Therapeutic Potential of Autologous Adipose-Derived Stem Cells for the Treatment of Liver Disease

Currently, the most effective therapy for liver diseases is liver transplantation, but its use is limited by organ donor shortage, economic reasons, and the requirement for lifelong immunosuppression. Mesenchymal stem cell (MSC) transplantation represents a promising alternative for treating liver pathologies in both human and veterinary medicine. Interestingly, these pathologies appear with a common clinical and pathological profile in the human and canine species; as a consequence, dogs may be a spontaneous model for clinical investigations in humans. The aim of this work was to characterize canine adipose-derived MSCs (cADSCs) and compare them to their human counterpart (hADSCs) in order to support the application of the canine model in cell-based therapy of liver diseases. Both cADSCs and hADSCs were successfully isolated from adipose tissue samples.
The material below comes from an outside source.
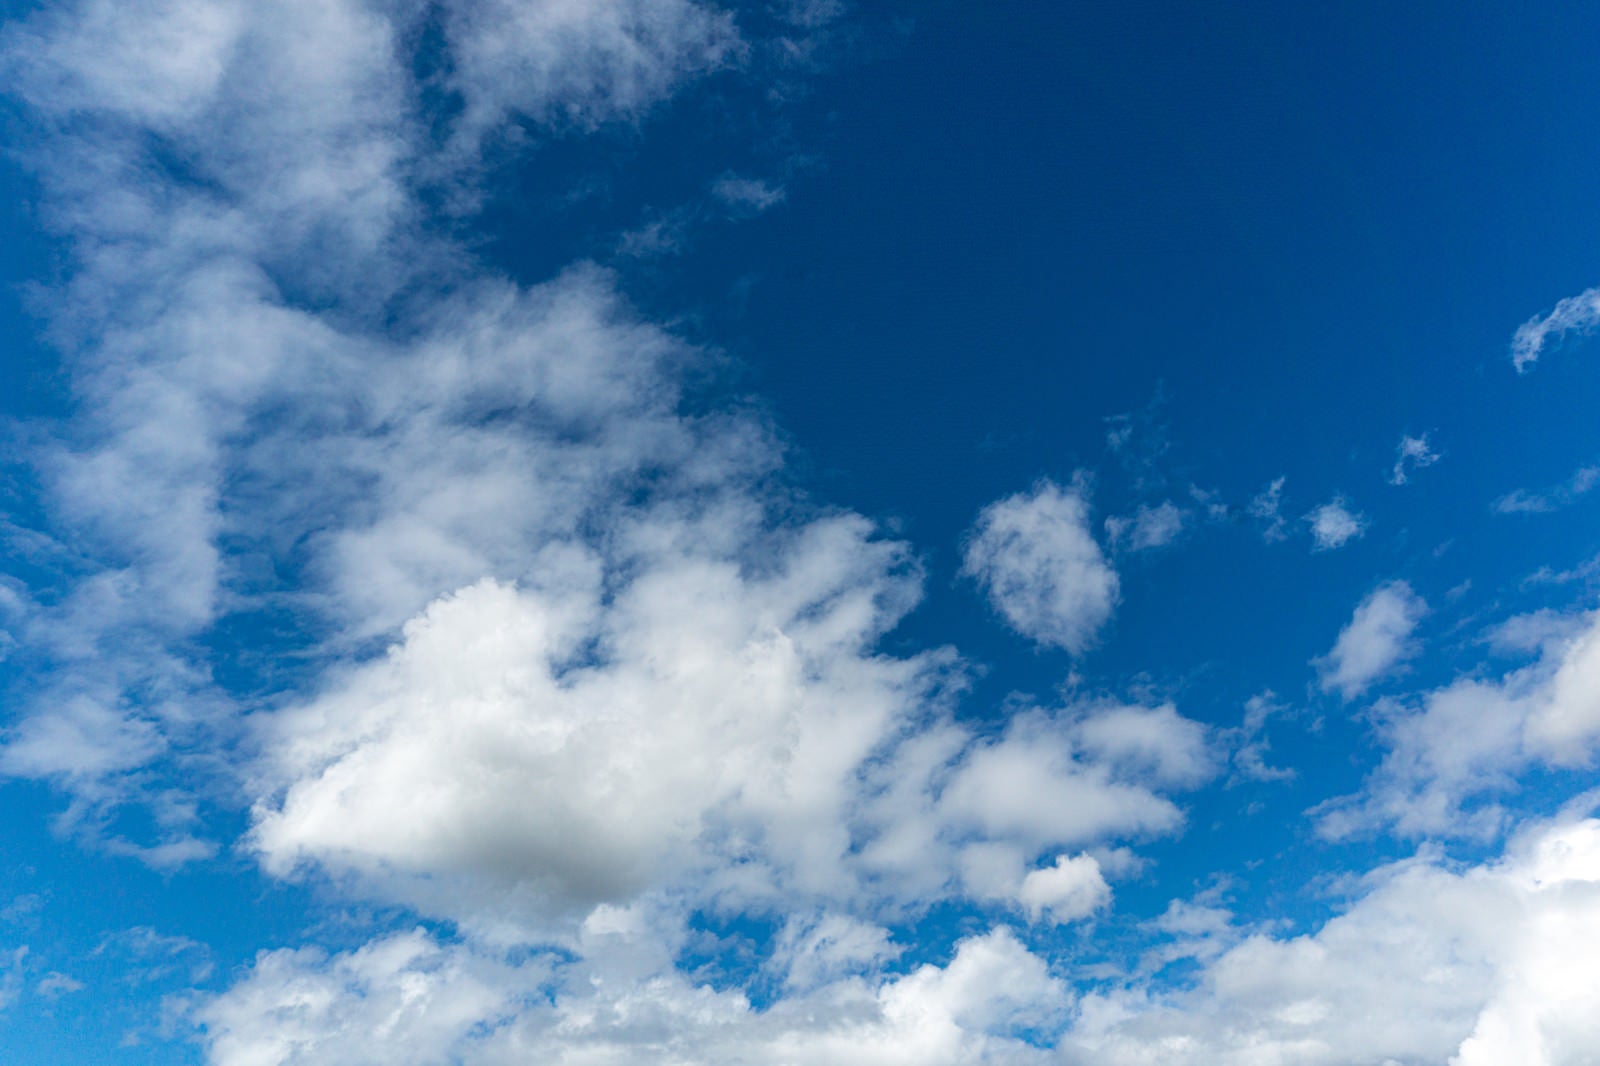 「プカプカと浮かぶ雲と青い空」の写真

The two cell populations shared a common fibroblast-like morphology, expression of stemness surface markers, and proliferation rate. When examining multilineage differentiation abilities, cADSCs showed lower adipogenic potential and higher osteogenic differentiation than human cells. Both cell populations retained high viability when kept in PBS at controlled temperature and up to 72 h, indicating the possibility of short-term storage and transportation. In addition, we evaluated the efficacy of autologous ADSCs transplantation in dogs with liver diseases. All animals exhibited significantly improved liver function, as evidenced by lower liver biomarkers levels measured after cells transplantation and evaluation of cytological specimens. These beneficial effects seem to be related to the immunomodulatory properties of stem cells. We therefore believe that such an approach could be a starting point for translating the results to the human clinical practice in future.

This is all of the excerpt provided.